Goal of the exercise:
Would you repeat the data below exactly, taking out the images?

Supplied information:
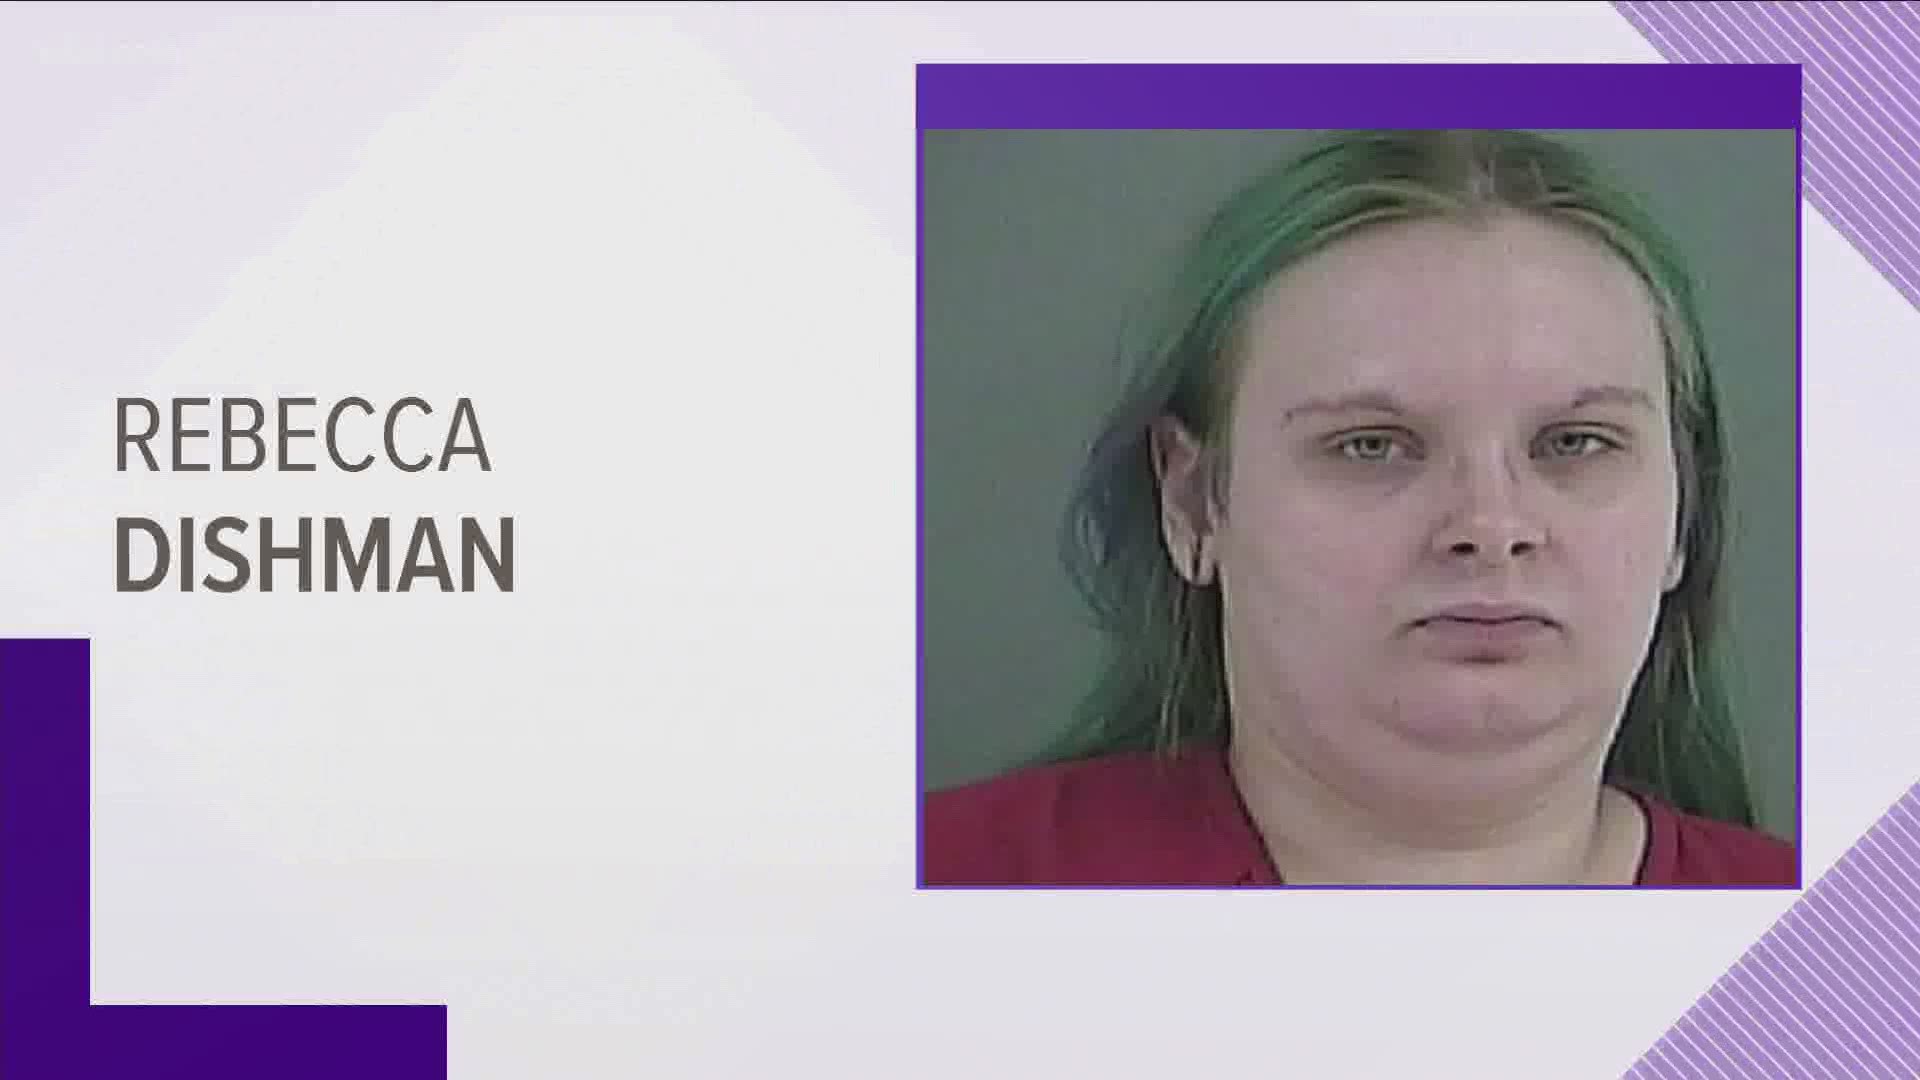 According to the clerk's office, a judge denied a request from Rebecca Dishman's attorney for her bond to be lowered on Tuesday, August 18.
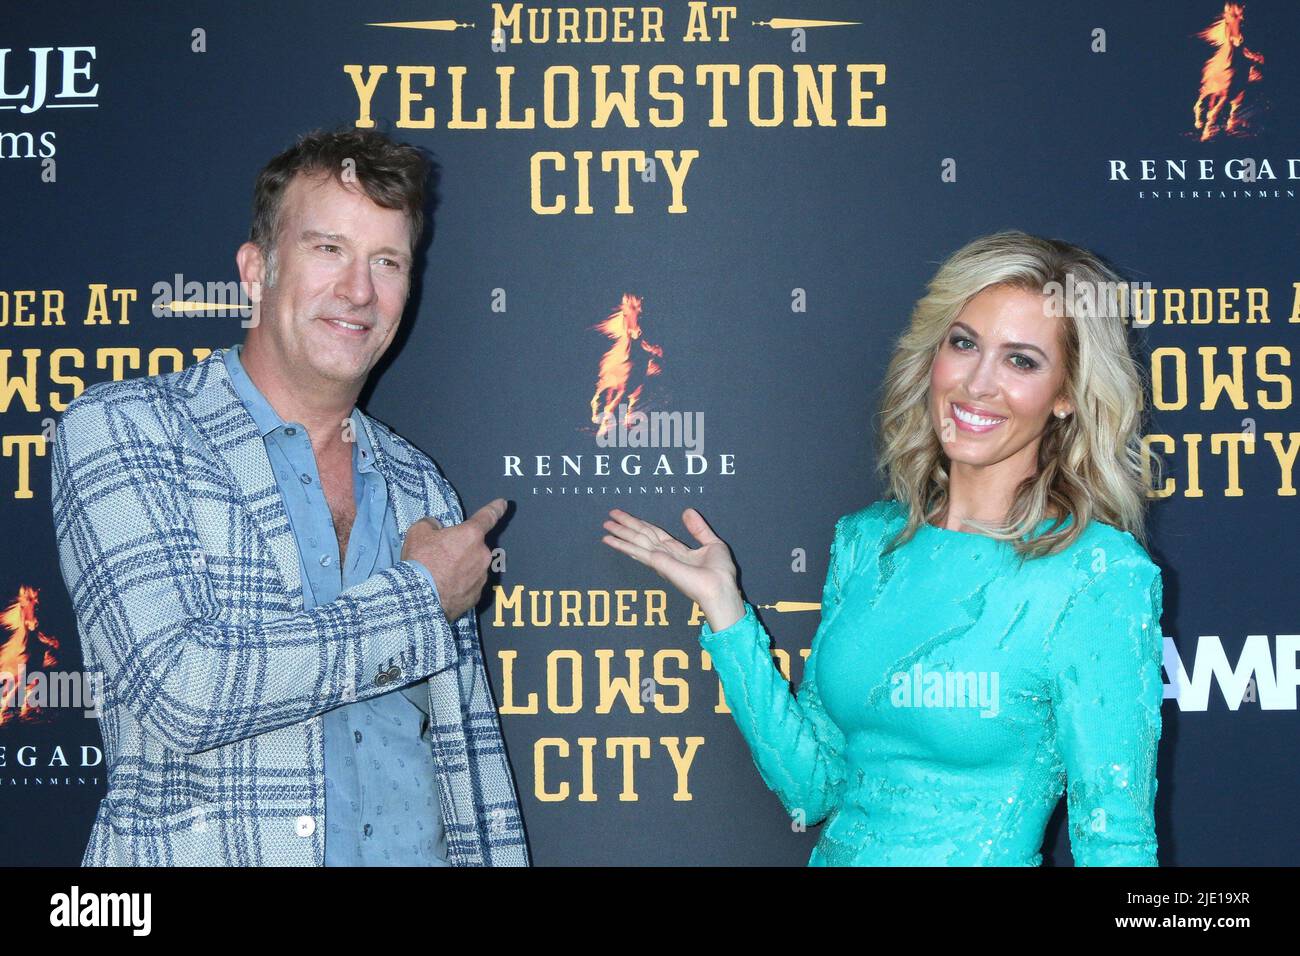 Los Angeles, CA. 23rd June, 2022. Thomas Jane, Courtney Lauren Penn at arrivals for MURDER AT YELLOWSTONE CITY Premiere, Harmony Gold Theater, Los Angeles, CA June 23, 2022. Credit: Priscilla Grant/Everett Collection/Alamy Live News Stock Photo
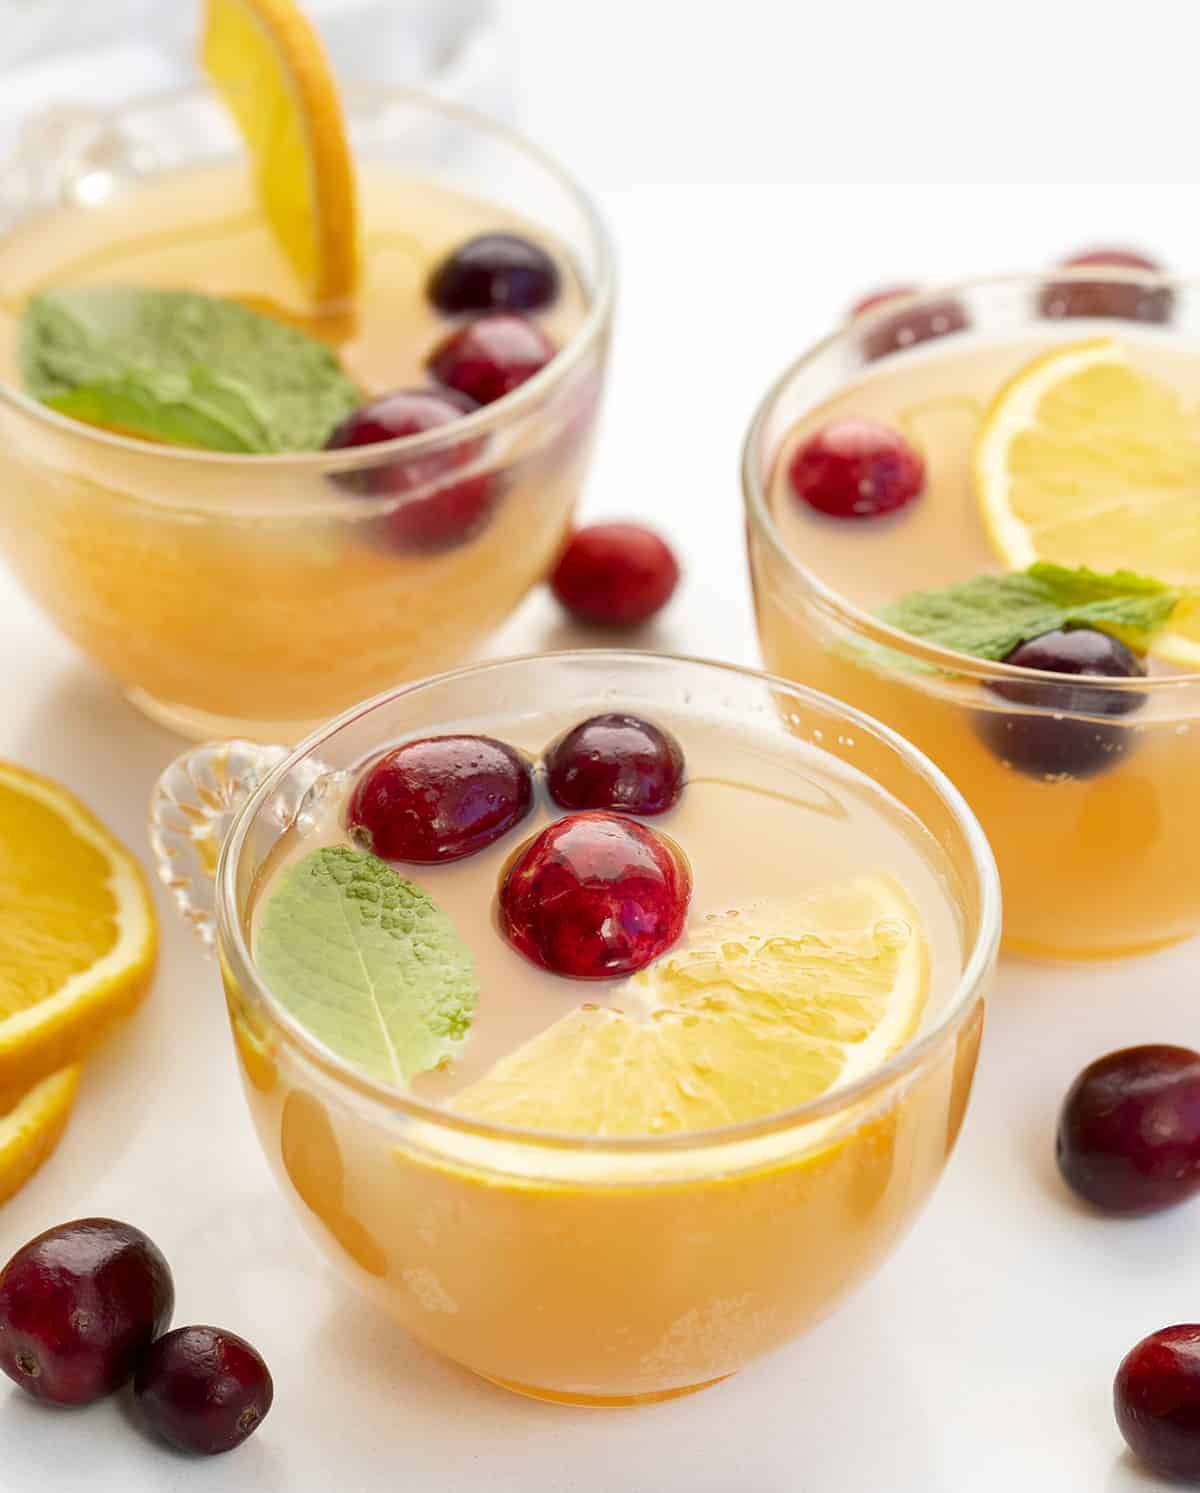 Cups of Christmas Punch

Answer section:
 According to the clerk's office, a judge denied a request from Rebecca Dishman's attorney for her bond to be lowered on Tuesday, August 18.
 Los Angeles, CA. 23rd June, 2022. Thomas Jane, Courtney Lauren Penn at arrivals for MURDER AT YELLOWSTONE CITY Premiere, Harmony Gold Theater, Los Angeles, CA June 23, 2022. Credit: Priscilla Grant/Everett Collection/Alamy Live News Stock Photo
 Cups of Christmas Punch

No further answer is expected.